This fascinates me. People that breastfeed are so militant! I have no objection to breastfeeding-hell, I won't stop you, I plan on doing it myself. I just object to having it pushed onto me as much as some of you object to evangelism. If we have to coexist, I expect some give on both sides.

Quote:
And I can't blame them--I feel claustrophobic with anything covering my face, why should I expect a baby to just accept it?
Projection. This could be the case, or not. In any case, there's always the restroom. Unless you're rubbing his face on the counter, you should be fine.

Quote:
The discourtesy here in not on the part of the mother. It's on the part of the people who just can't get over themselves enough to understand that they're harassing a woman trying to do the toughest job on earth and do it right. We need to be supporting these mothers and these babies, making it EASIER to breastfeed in any circumstances, not tougher. I'm so sick of self-centered people who think their own person hang-ups should take priority over doing what's right for a child.
Wow. The amount of entitlement here is amazing. People have been mother for centuries, and they've always had to do so within the confines of certain societal rules. No one is telling you to hurt your child, but having one doesn't mean you get breaks that the rest of us don't.
#29 Nov 21 2006 at 11:17 AM Rating: Decent
*****
19,369 posts
Atomicflea wrote:
I plan on doing it myself.


Aren't you a little old? Smiley: sly






#30 Nov 21 2006 at 11:19 AM Rating: Decent
***
3,829 posts
Atomicflea wrote:
Wow. The amount of entitlement here is amazing. People have been mother for centuries, and they've always had to do so within the confines of certain societal rules. No one is telling you to hurt your child, but having one doesn't mean you get breaks that the rest of us don't.
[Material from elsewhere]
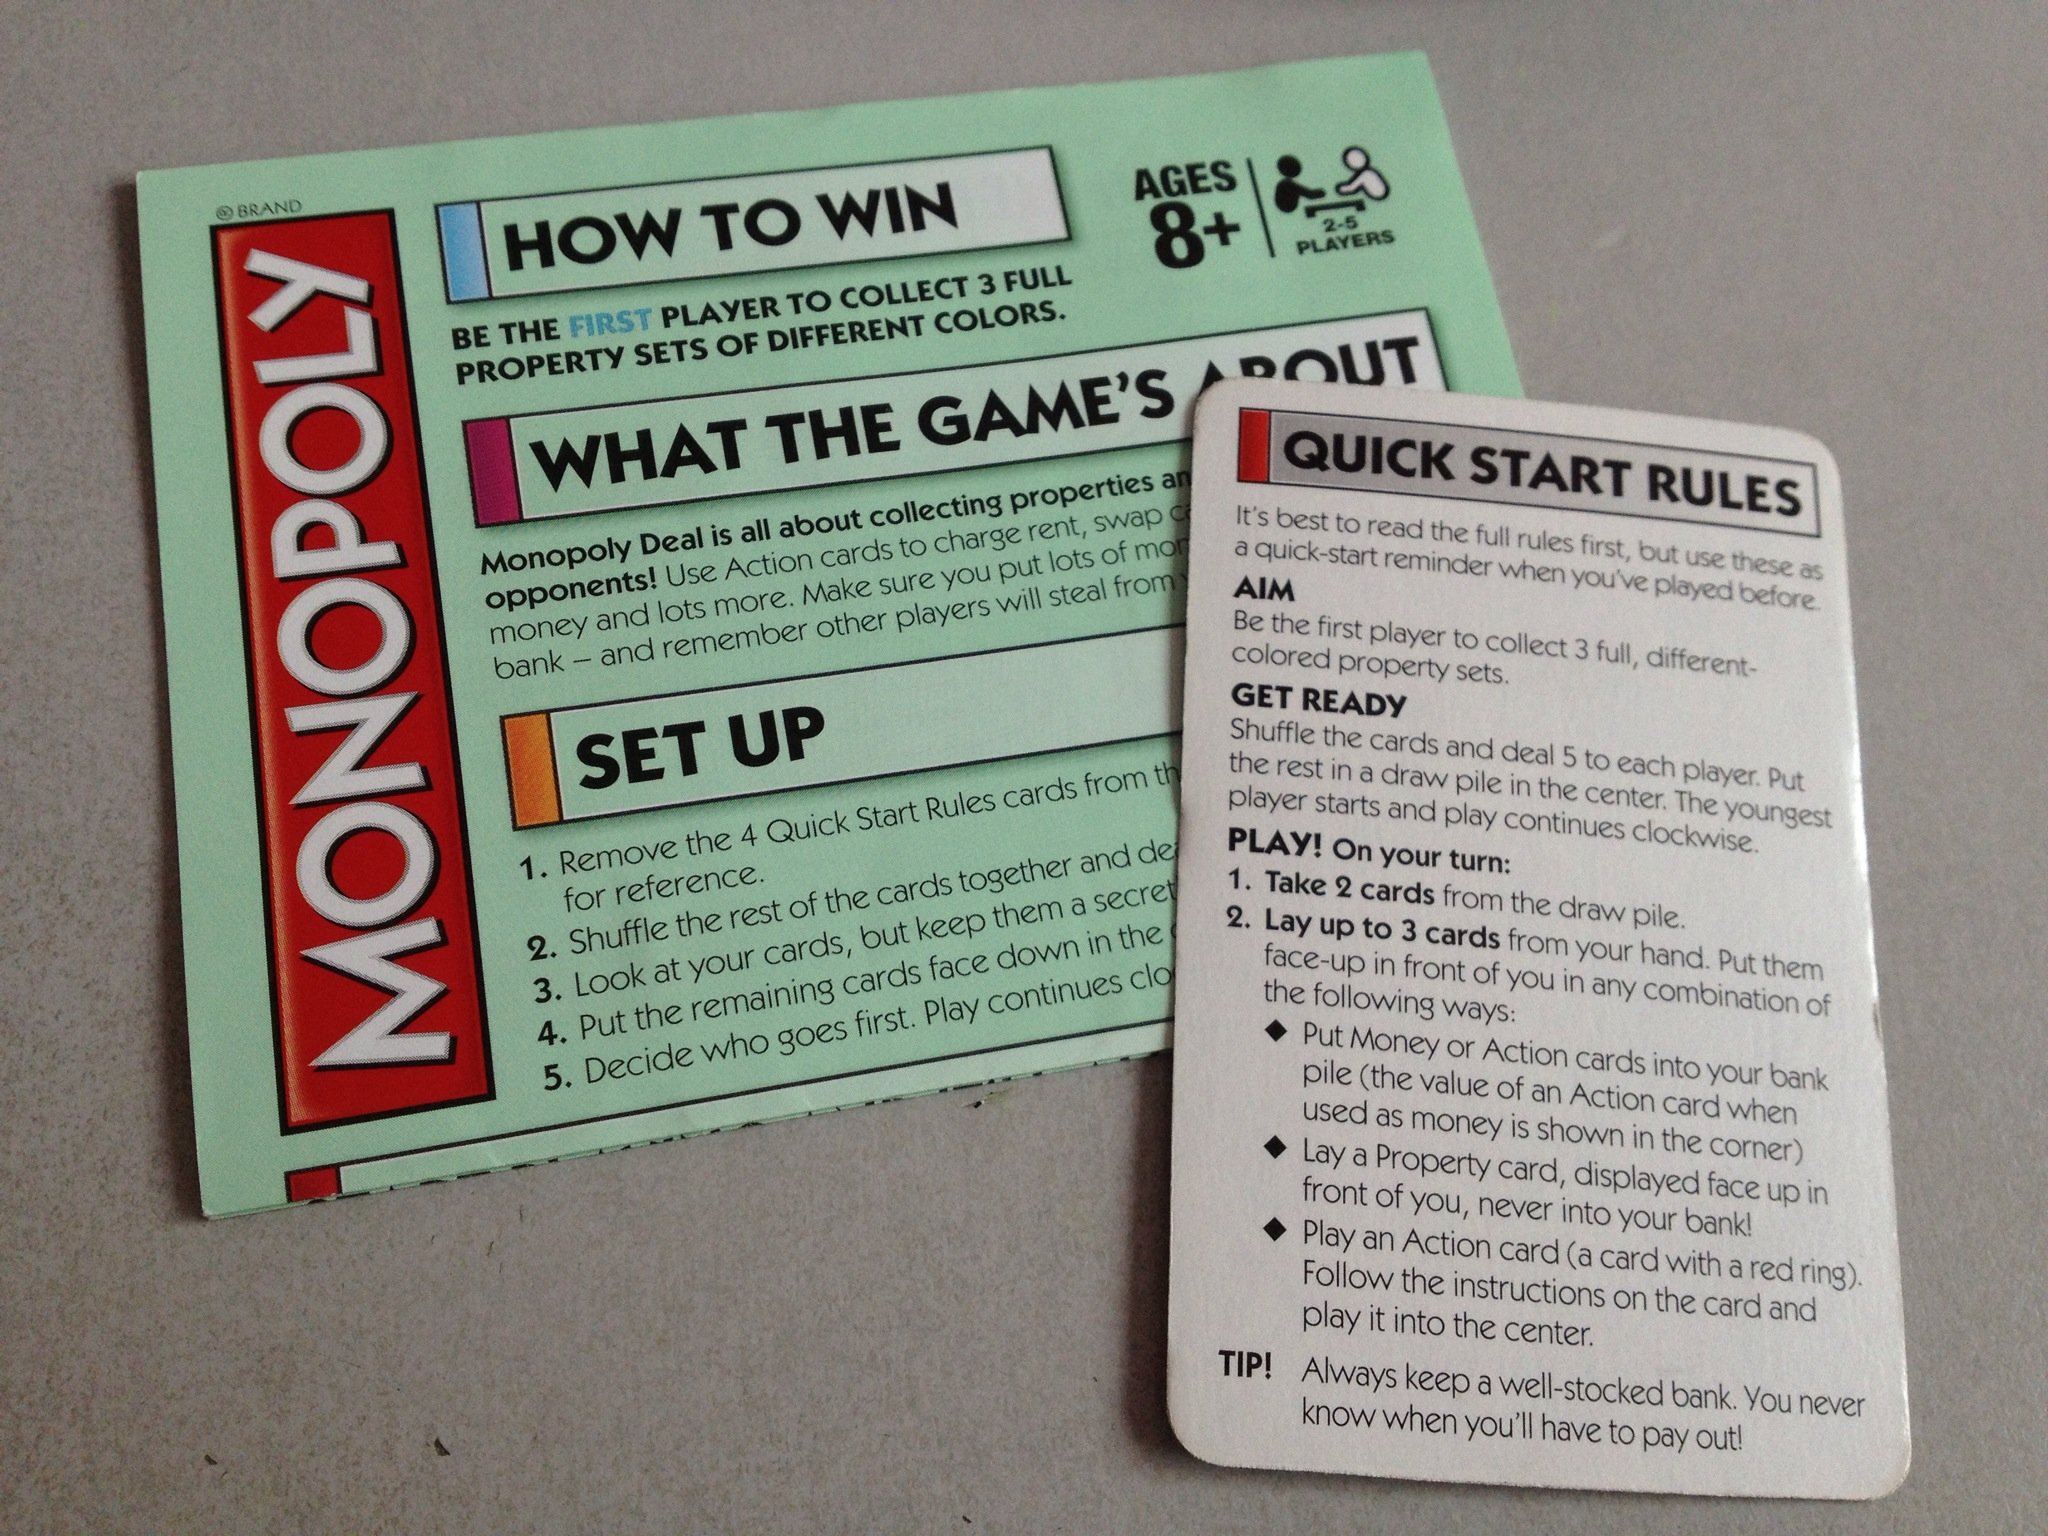 monopoly gamer edition rules

But others can get breaks that I don't, right?

Others can bare more skin than you'll ever see while I'm breastfeeding, all in the name of fashion. They can walk through the mall with their *** cracks hanging out for the world to see and cleavage to the midriff without a problem, but I can get harassed for the honest exposure of a little side-swell of boob?
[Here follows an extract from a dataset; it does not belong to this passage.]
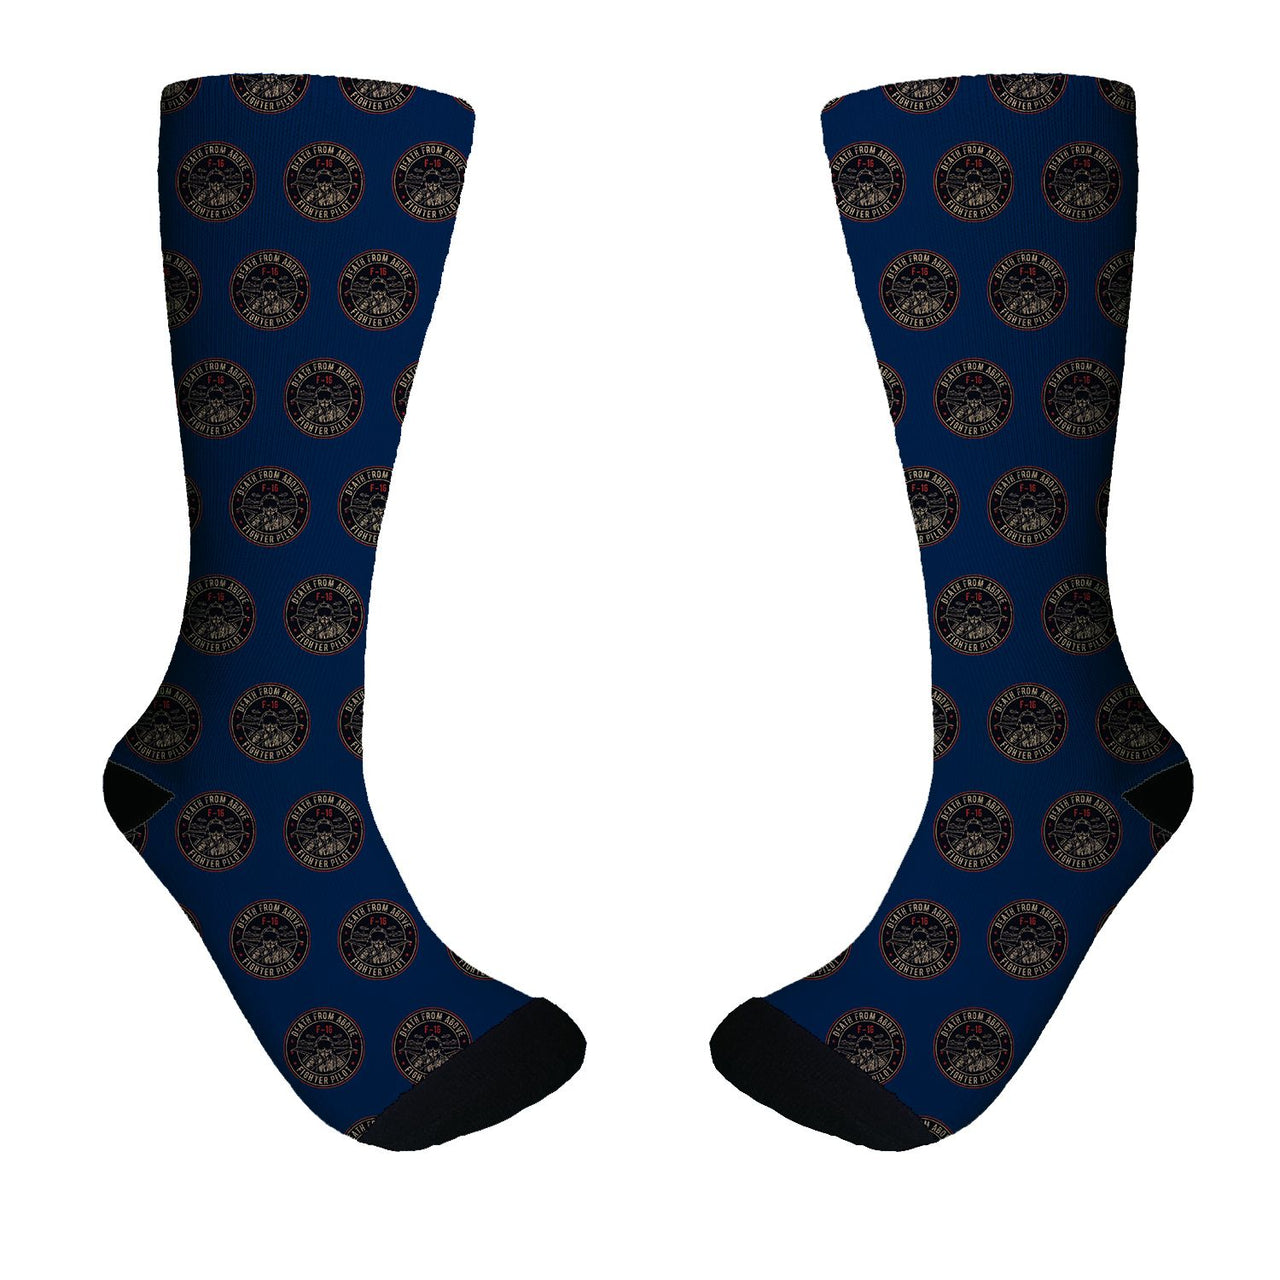 Fighting Falcon F16 - Death From Above Designed Socks

Others can eat their lunch in the food court with impunity, but my baby has to eat his/hers in a cramped, uncomfortable stall in a filthy, urine-smelling, heavily trafficked bathroom, or under a hot, claustrophobic blanket, like he or she is doing something wrong or improper, something that needs to be hidden.

You're right--there's a huge sense of entitlement here--but it's not on the part of nursing mothers. It's from the people who keep these asinine double-standards alive and well. "Societal rules" these days have no problem with the sight of a lot of female flesh--unless that flesh is nourishing a child.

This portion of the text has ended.